_The task_.
Please reproduce all of the listing below exactly and drop its images.
─── Material to process ───
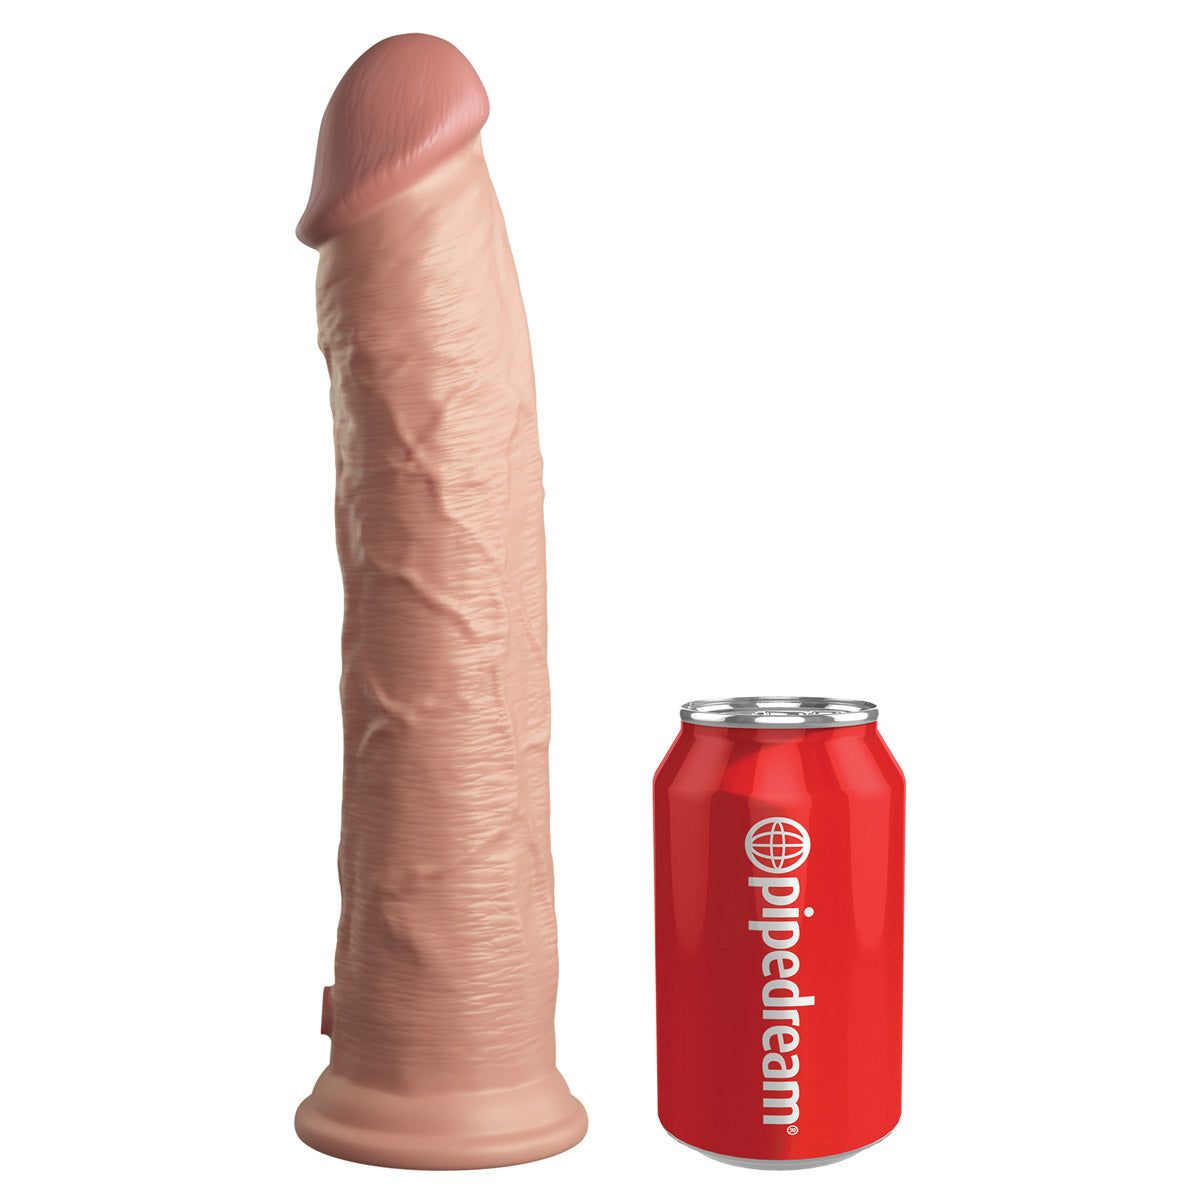 King Cock Elite 11" Silicone Dual Density Cock - Light - Thorn & Feather
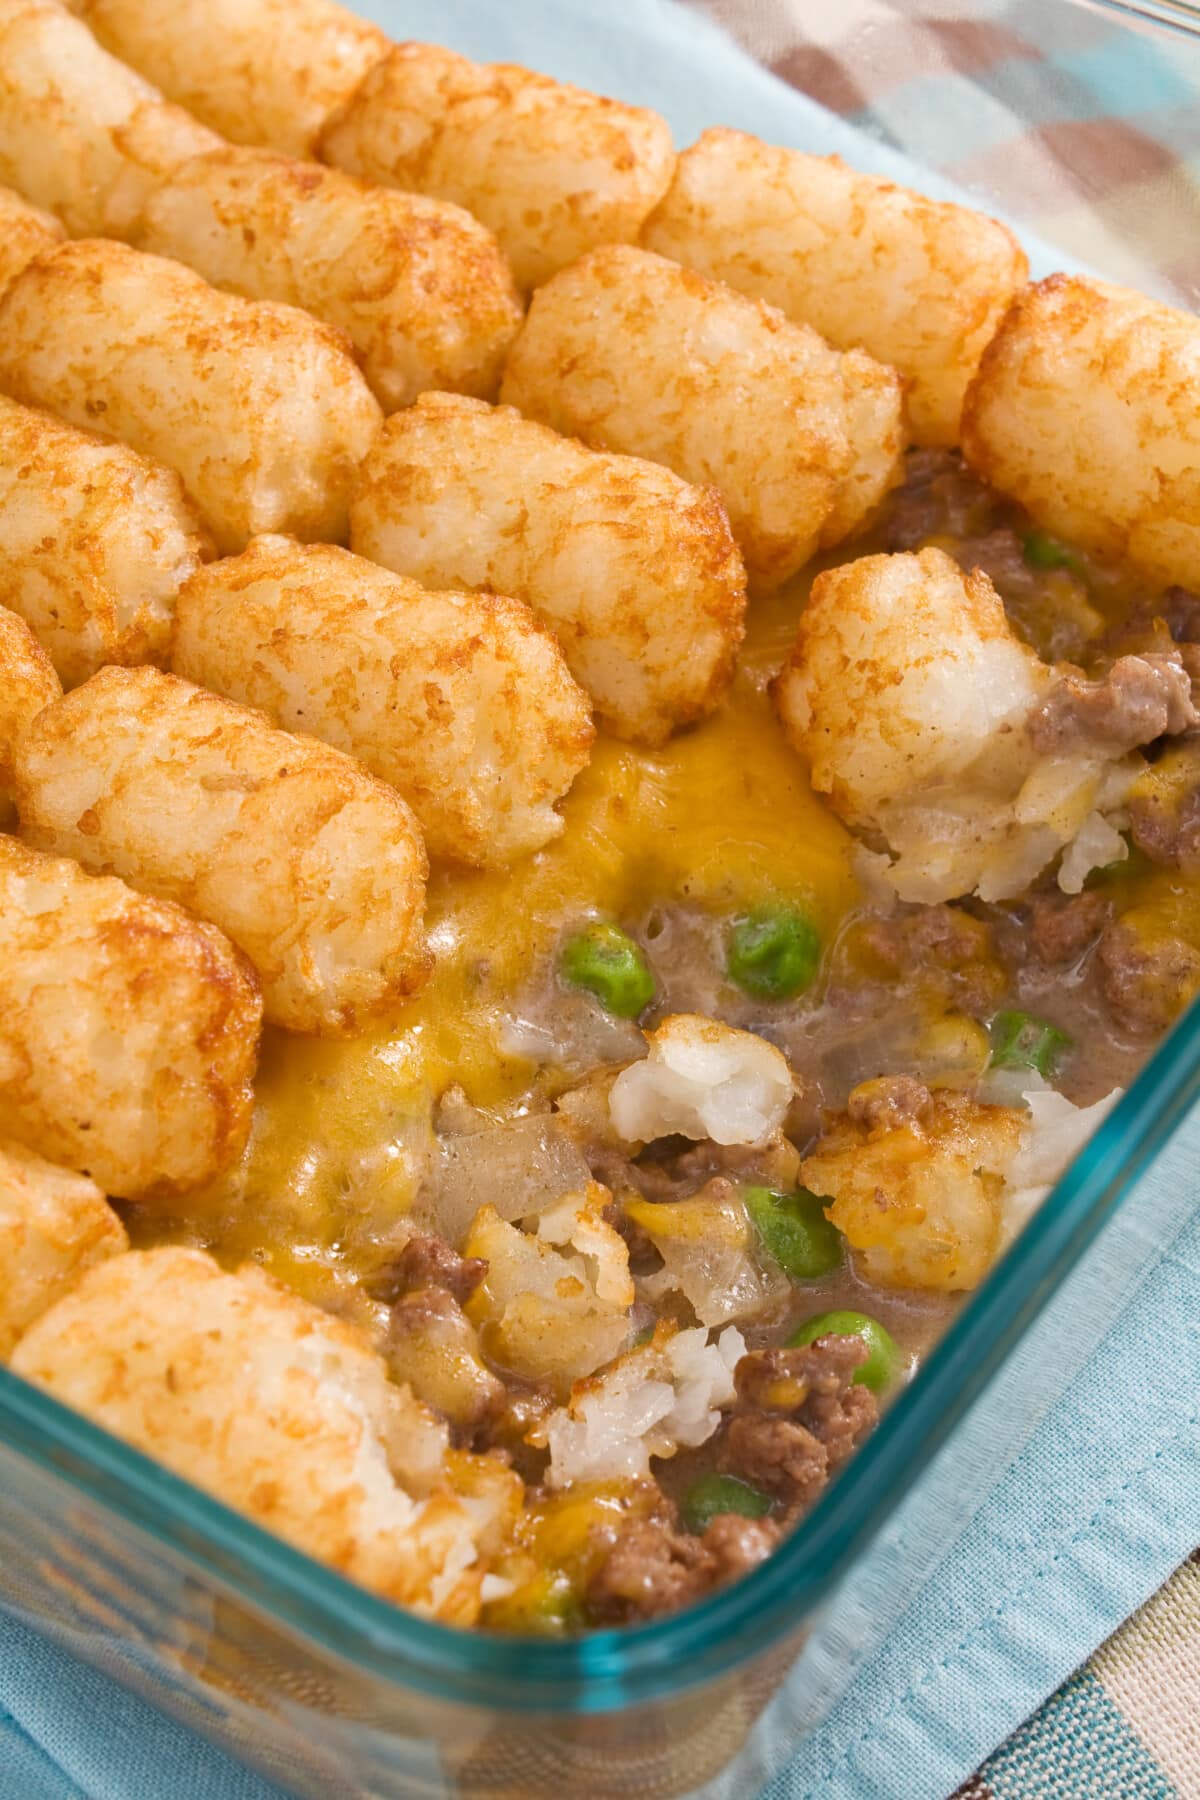 Tater Tot Casserole in a glass baking dish
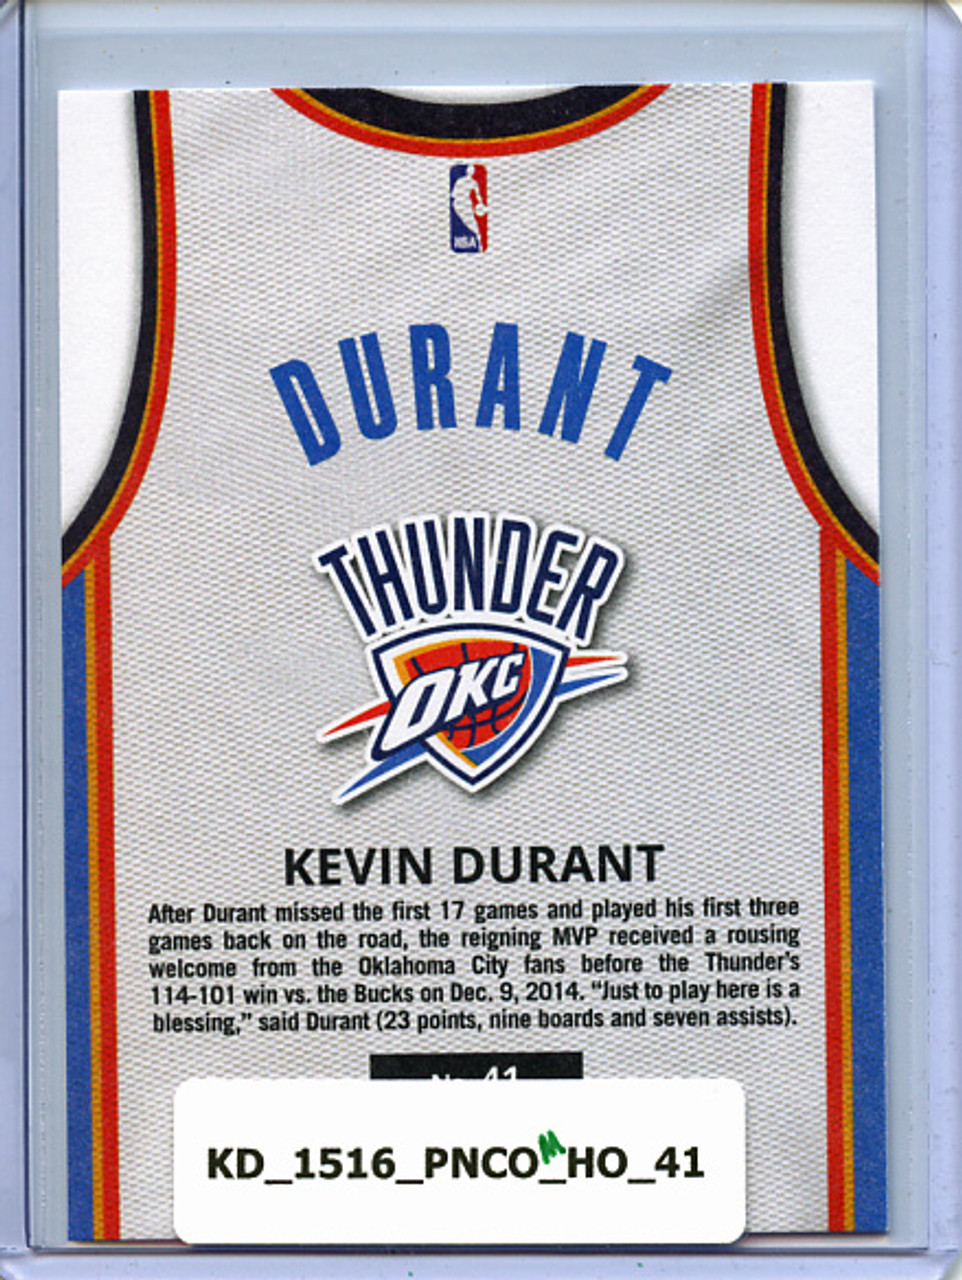 Kevin Durant 2015-16 Complete, Home #41
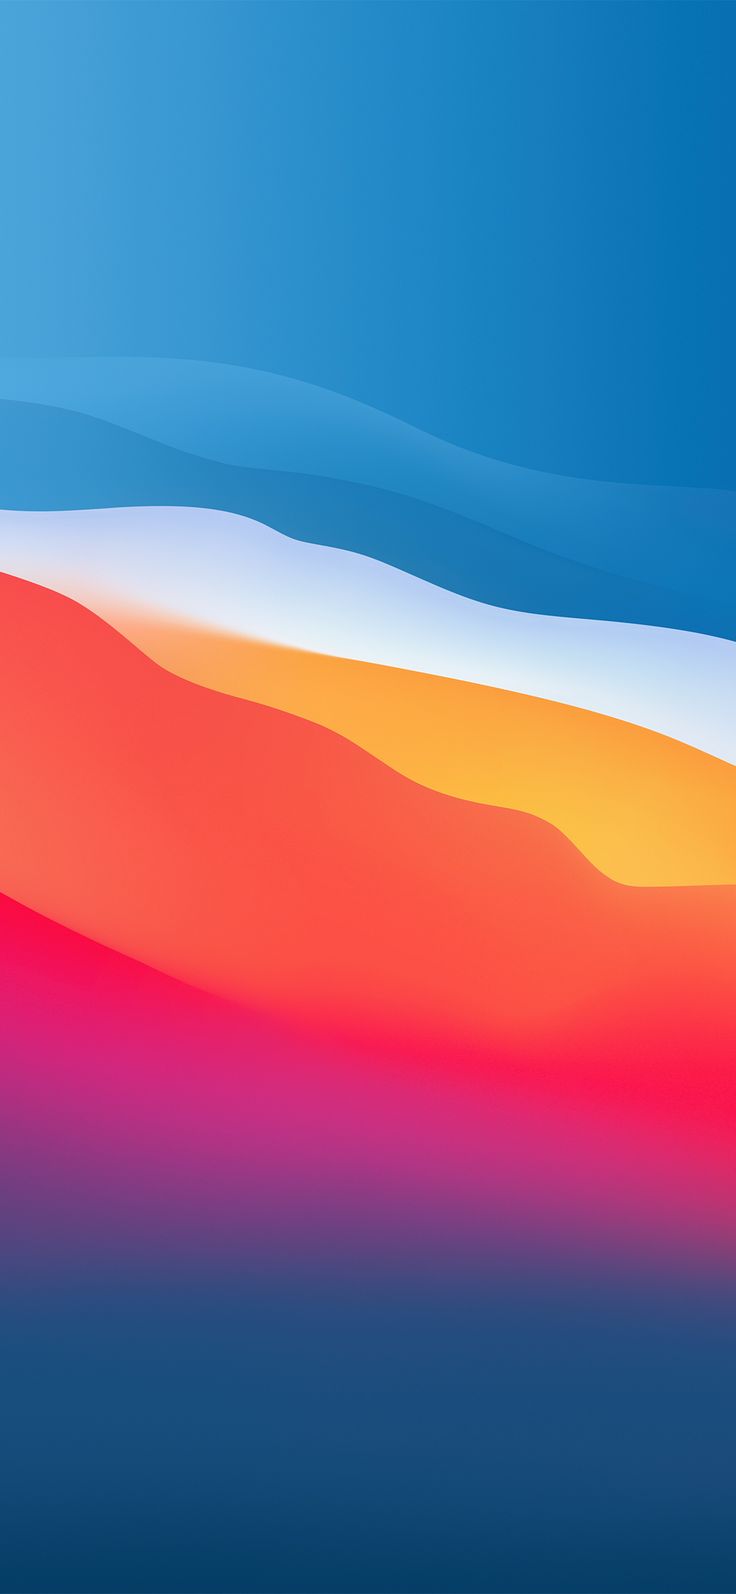 Macos Big Sur Daylight Wallpapers
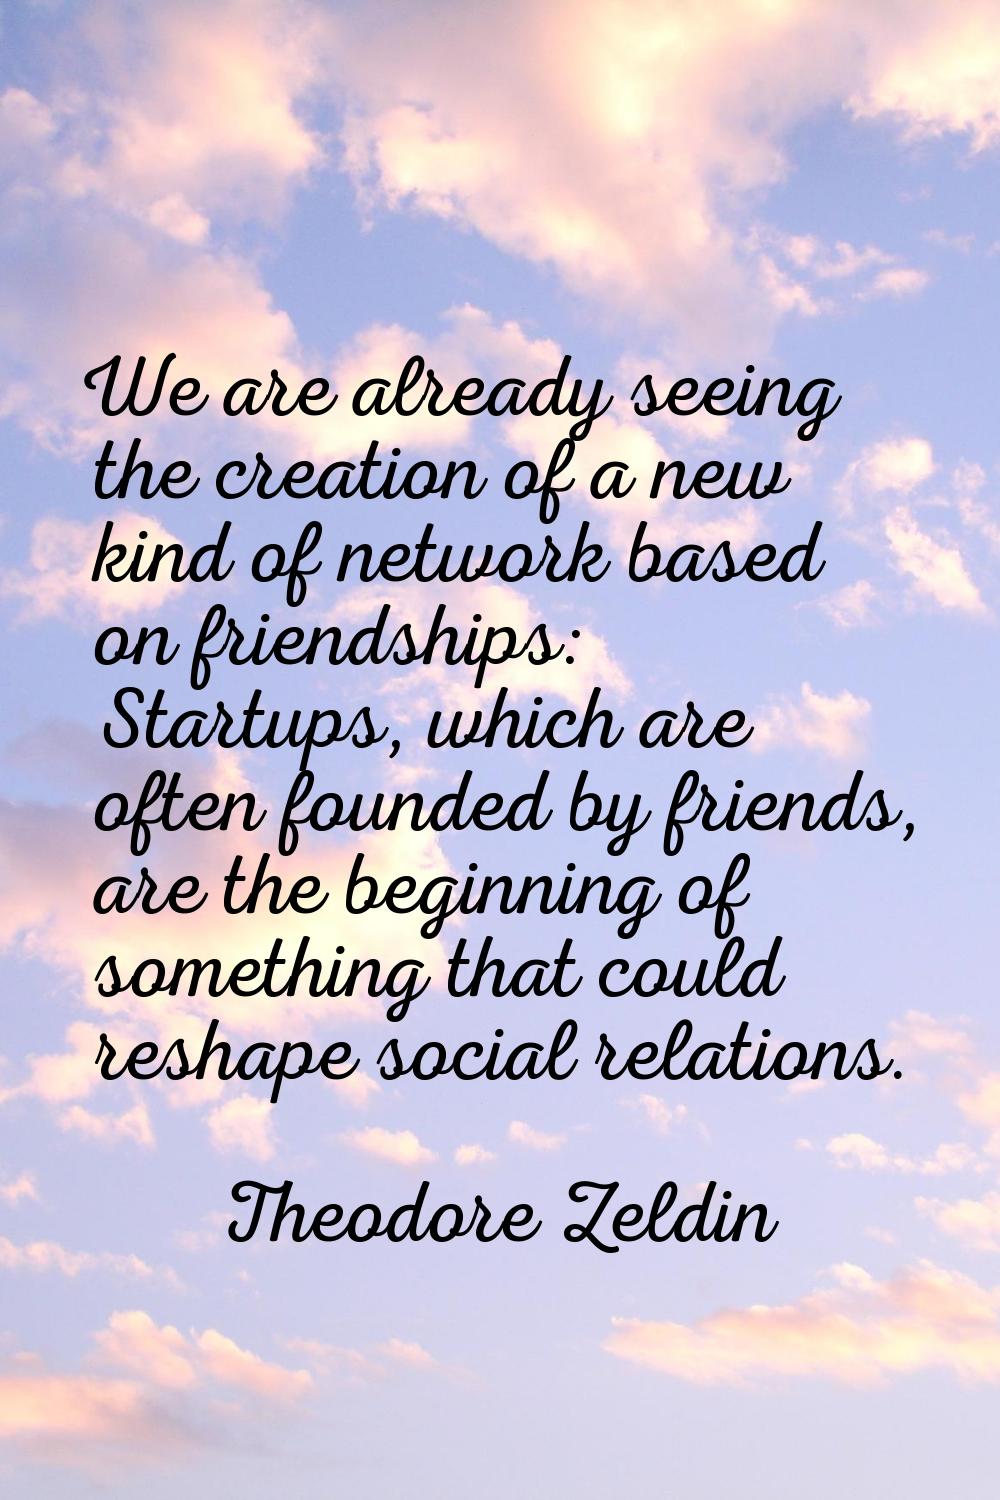 We are already seeing the creation of a new kind of network based on friendships: Startups, which a
───
_Task response_.
 King Cock Elite 11" Silicone Dual Density Cock - Light - Thorn & Feather
 Tater Tot Casserole in a glass baking dish
 Kevin Durant 2015-16 Complete, Home #41
 Macos Big Sur Daylight Wallpapers
 We are already seeing the creation of a new kind of network based on friendships: Startups, which a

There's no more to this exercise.